In [6]:
# Import necessary libraries
from sklearn.datasets import load_breast_cancer
import numpy as np
from sklearn.model_selection import train_test_split
from sklearn.preprocessing import StandardScaler
from sklearn.impute import SimpleImputer

In [7]:
# Load the breast cancer dataset
X, y = load_breast_cancer(return_X_y=True)

In [8]:
# Split the data into features (X) and target (y)
X_train, X_test, y_train, y_test = train_test_split(X, y, test_size=0.2, random_state=42)

In [9]:
# Check for missing values
print("Missing values count:", np.sum(np.isnan(X)))

Missing values count: 0


In [10]:
# Impute missing values if any
imputer = SimpleImputer(strategy='mean')
X_imputed = imputer.fit_transform(X)

In [11]:
# Feature scaling
scaler = StandardScaler()
X_scaled = scaler.fit_transform(X_imputed)

In [12]:
# Print shapes to confirm preprocessing
print("Original shape:", X.shape)
print("Scaled shape:", X_scaled.shape)

Original shape: (569, 30)
Scaled shape: (569, 30)


In [13]:
if len(X_scaled) != len(y_train):
    print("Mismatch detected. Aligning sample sizes...")
    
    # Check which array has fewer samples
    if len(X_scaled) > len(y_train):
        X_scaled = X_scaled[:len(y_train)]
    elif len(X_scaled) < len(y_train):
        y_train = y_train[:len(X_scaled)]
    
    print(f"Adjusted shapes: X_scaled {X_scaled.shape}, y_train {y_train.shape}")
else:
    print("Sample sizes already aligned.")

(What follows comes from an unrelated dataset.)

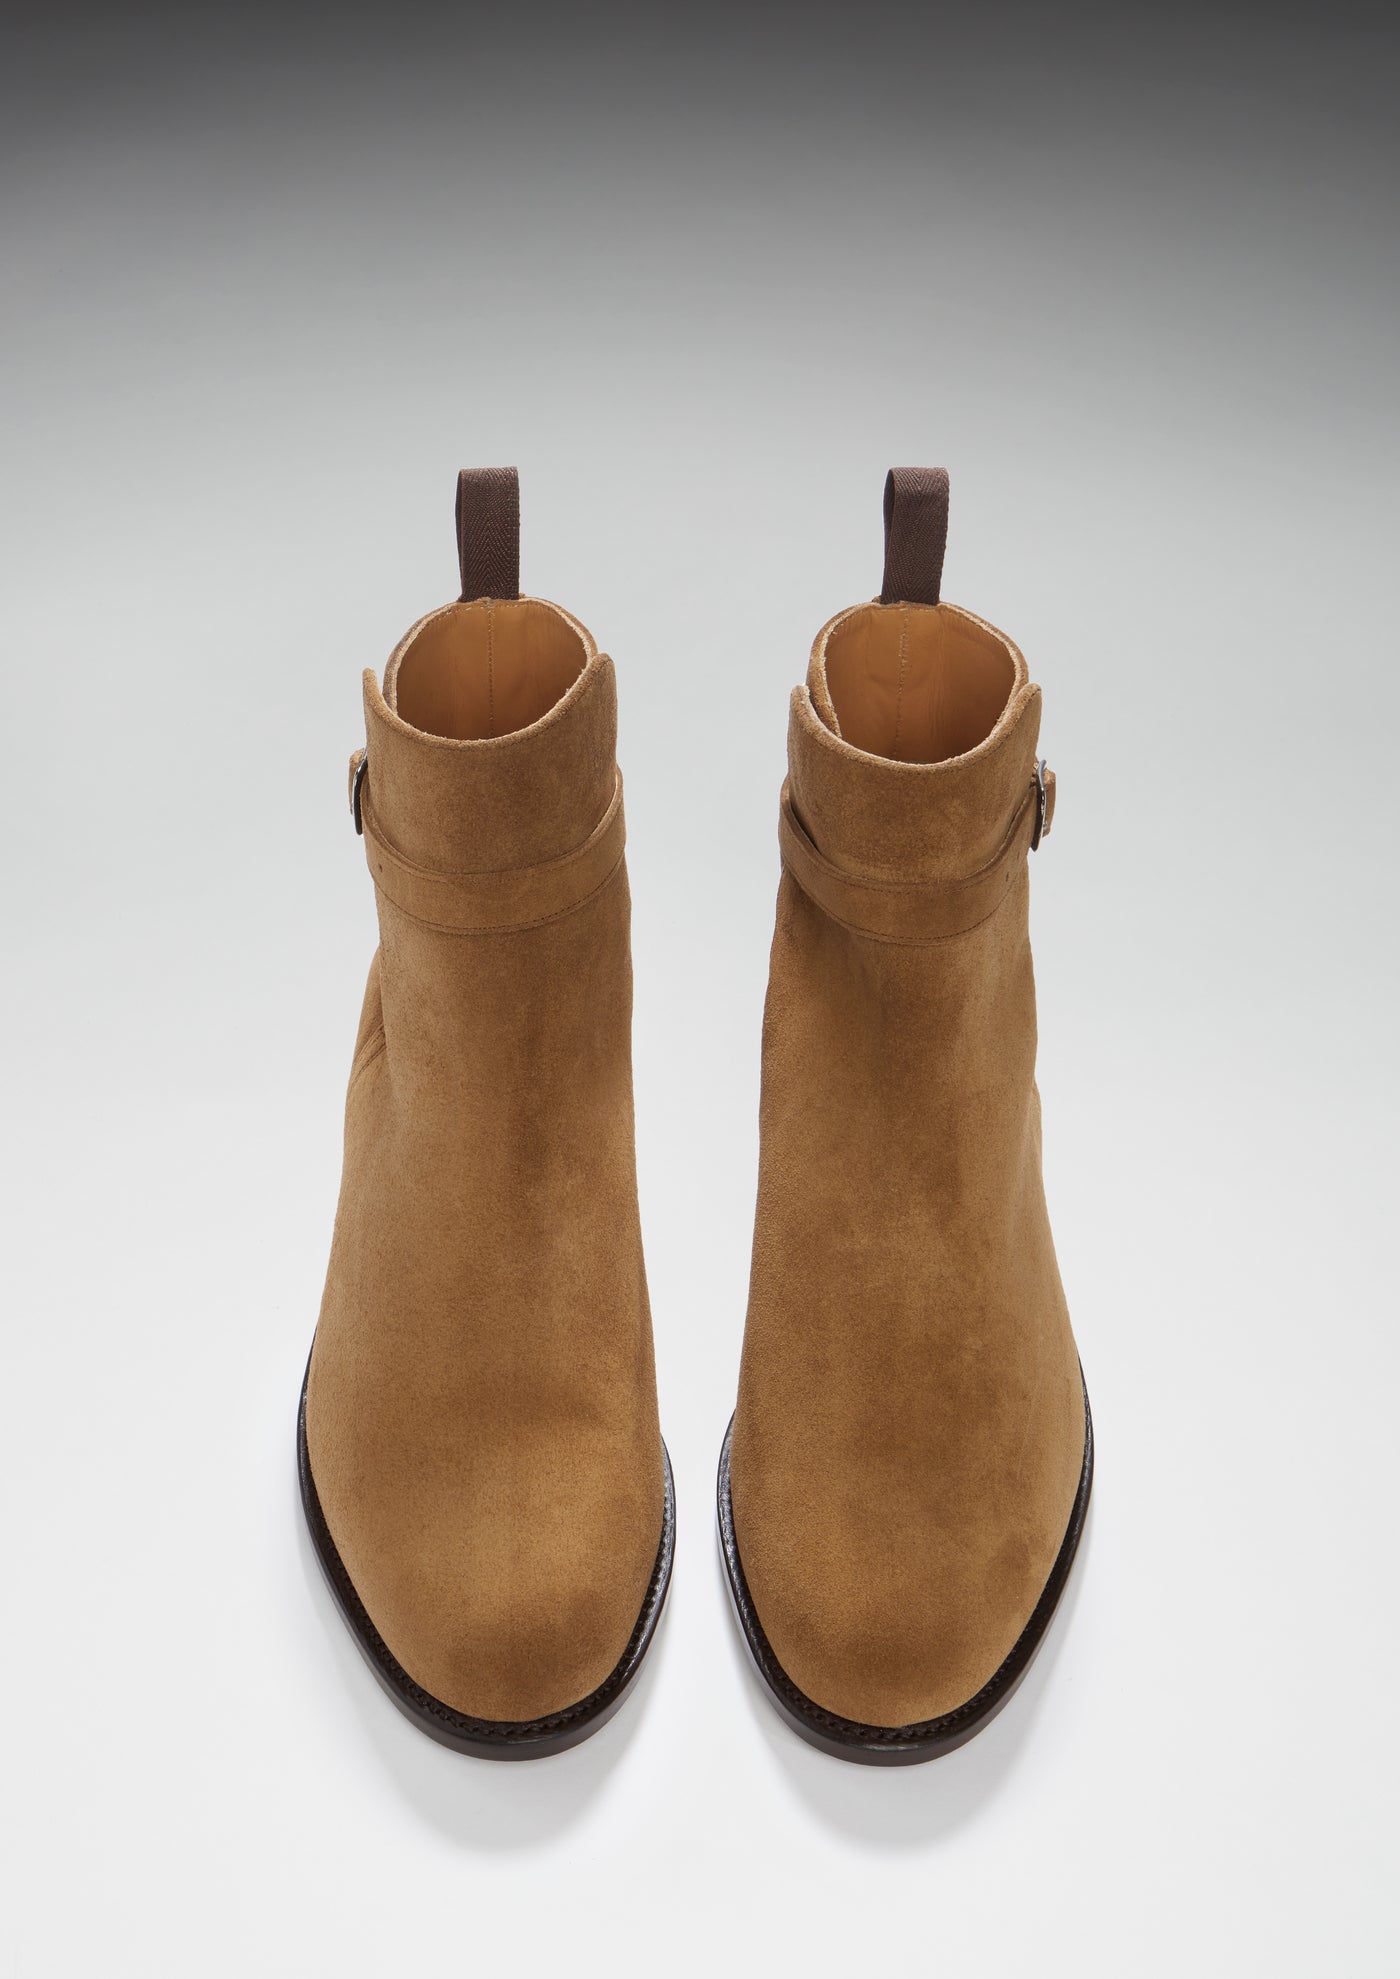 Tobacco Suede Jodhpur Boots, Welted Leather Sole - Hugs & Co.

Mismatch detected. Aligning sample sizes...
Adjusted shapes: X_scaled (455, 30), y_train (455,)


In [14]:
# Logistic Regression
from sklearn.linear_model import LogisticRegression
logreg = LogisticRegression(random_state=42)
logreg.fit(X_scaled, y_train)

In [15]:
#Decision Tree Classifier
from sklearn.tree import DecisionTreeClassifier
dtree = DecisionTreeClassifier(random_state=42)
dtree.fit(X_scaled, y_train)

In [16]:
# Random Forest Classifier
from sklearn.ensemble import RandomForestClassifier
rf = RandomForestClassifier(n_estimators=100, random_state=42)
rf.fit(X_scaled, y_train)

In [17]:
# Support Vector Machine (SVM)
from sklearn.svm import SVC
svm = SVC(kernel='linear', probability=True, random_state=42)
svm.fit(X_scaled, y_train)

In [18]:
# k-Nearest Neighbors (k-NN)
from sklearn.neighbors import KNeighborsClassifier
knn = KNeighborsClassifier(n_neighbors=5, n_jobs=-1)
knn.fit(X_scaled, y_train)

In [19]:
from sklearn.metrics import accuracy_score

# Predictions
logreg_pred = logreg.predict(X_test)
dtree_pred = dtree.predict(X_test)
rf_pred = rf.predict(X_test)
svm_pred = svm.predict(X_test)
knn_pred = knn.predict(X_test)

In [20]:
# Accuracy scores
print("Logistic Regression Accuracy:", accuracy_score(y_test, logreg_pred))
print("Decision Tree Accuracy:", accuracy_score(y_test, dtree_pred))
print("Random Forest Accuracy:", accuracy_score(y_test, rf_pred))
print("Support Vector Machine Accuracy:", accuracy_score(y_test, svm_pred))
print("k-Nearest Neighbors Accuracy:", accuracy_score(y_test, knn_pred))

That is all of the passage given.